Suppose I want to approximate the indicator function $f:= \chi_{[0,1]}$ on $\mathbb{R}$ with mollifications (choose the standard mollifier $\phi$). Then we know that with respect to $L^2$ we have $\phi_\epsilon * f \to f$ as $\epsilon\to 0$. What should happen for the derivatives $\phi'_\epsilon * f$ is that they do not converge $L^2$ (the closer we get, the steeper the slope should get at say $x=0$). However I am having difficulties proving this with an explicit lower bound on $\lvert\lvert\phi'_\epsilon * f\rvert\rvert_2$, that explodes as $\epsilon\to 0$. Since we get a factor of $1/\epsilon$ from $\phi'_\epsilon$, i suppose this is the divergence rate but I do not have a precise argument for that. Can someone help out with a reference here? I am sure this was done before.

Answer 1

Heuristically speaking, the derivative of $f$ is a sum of Dirac deltas, the regularization of which stays bounded in $L^1$ and grows like $\epsilon^{-1}$ in $L^\infty$. Thus, by Hölder’s inequality, you expect the $L^2$ norm of $\phi_\epsilon’ *f$ to grow like $1/\sqrt \epsilon$.

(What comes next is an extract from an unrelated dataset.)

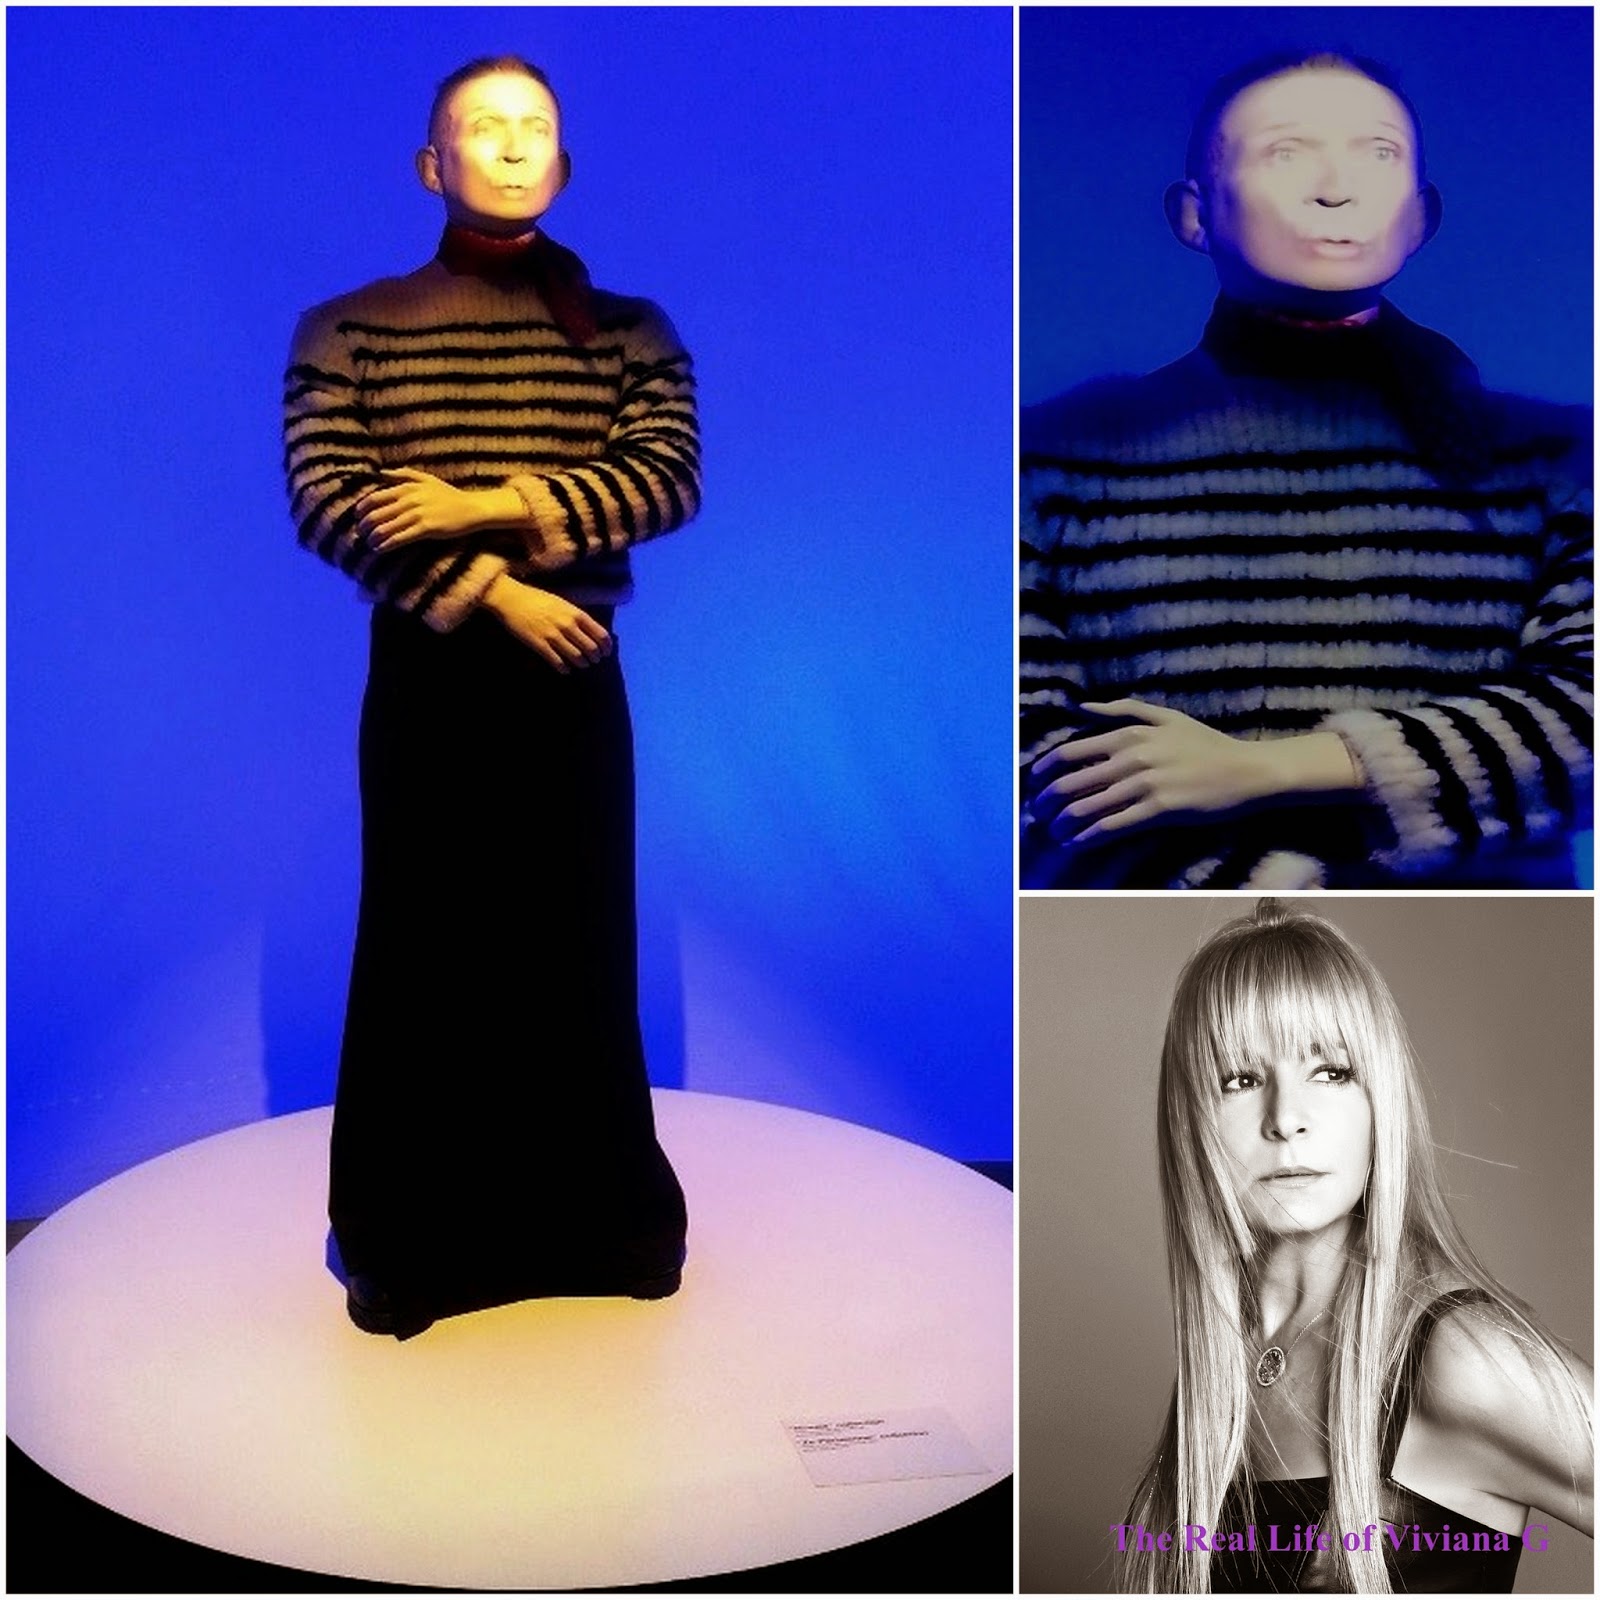 The Real Life of Viviana G: Salute to You, Jean Paul Gaultier!

Explicitly, assume that $\phi_1$ has has support in $[-1,1]$. Then by algebraic manipulations it holds $$ [\phi_\epsilon’ *f](x)= \phi_\epsilon(x)-\phi_\epsilon(x-1),$$ where the two addends on the right-hand side have disjoint supports assuming $\epsilon<1$. This means that $$ || \phi_\epsilon’ *f||_{L^2}^2=|| \phi_\epsilon||_{L^2}^2+|| \phi_\epsilon(\cdot-1)||_{L^2}^2=2|| \phi_\epsilon||_{L^2}^2. $$ Then one has to compute the quantity on the right hand side: $$ || \phi_\epsilon||_{L^2}^2=\int_\mathbb R|\epsilon^{-1}\phi(\epsilon^{-1}t)|^2dt= \epsilon^{-1}\int_\mathbb R|\phi(s)|^2ds\sim \epsilon^{-1}, $$ so that the $L^2$ norm of $\phi_\epsilon’ *f$ grows like $1/\sqrt \epsilon$.

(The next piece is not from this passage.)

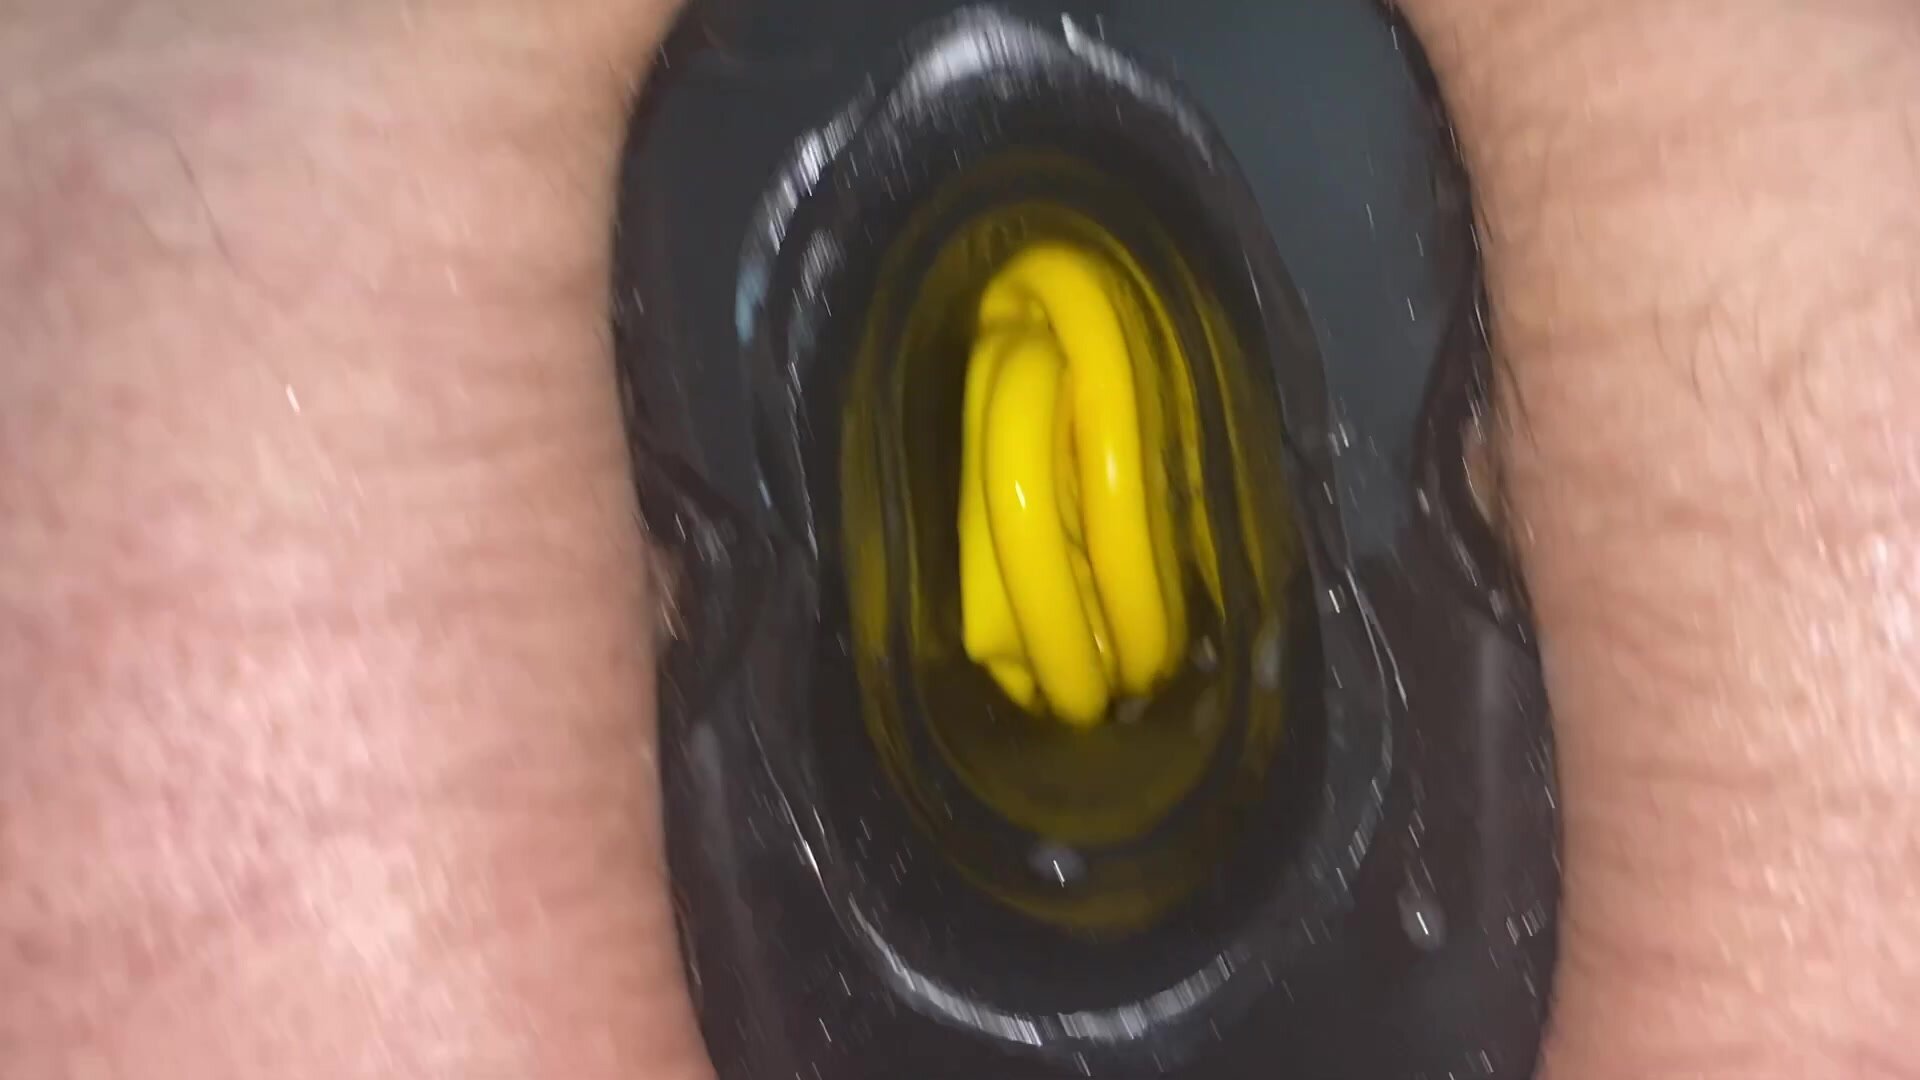 Pighole with yellow Rubber Glove in ass

Edit. If you remember my answer to this question, you can also think of this on the Fourier side and have very precise information: the Fourier transform of $f$ is bounded by $1/|\xi|$, so that the Fourier transform of $\frac{d}{dx}f$ is bounded. By Plancherel’s theorem, $||f_\epsilon’||_{L^2}=|||\xi|\widehat {f_\epsilon}||_{L^2}=|||\xi|\widehat f ( \cdot)\widehat \phi(\epsilon\cdot) ||_{L^2}\leq|||\xi|\widehat f||_{L^\infty}||\widehat\phi(\epsilon\cdot)||_{L^2},$ and you can compute the latter norm explicitly.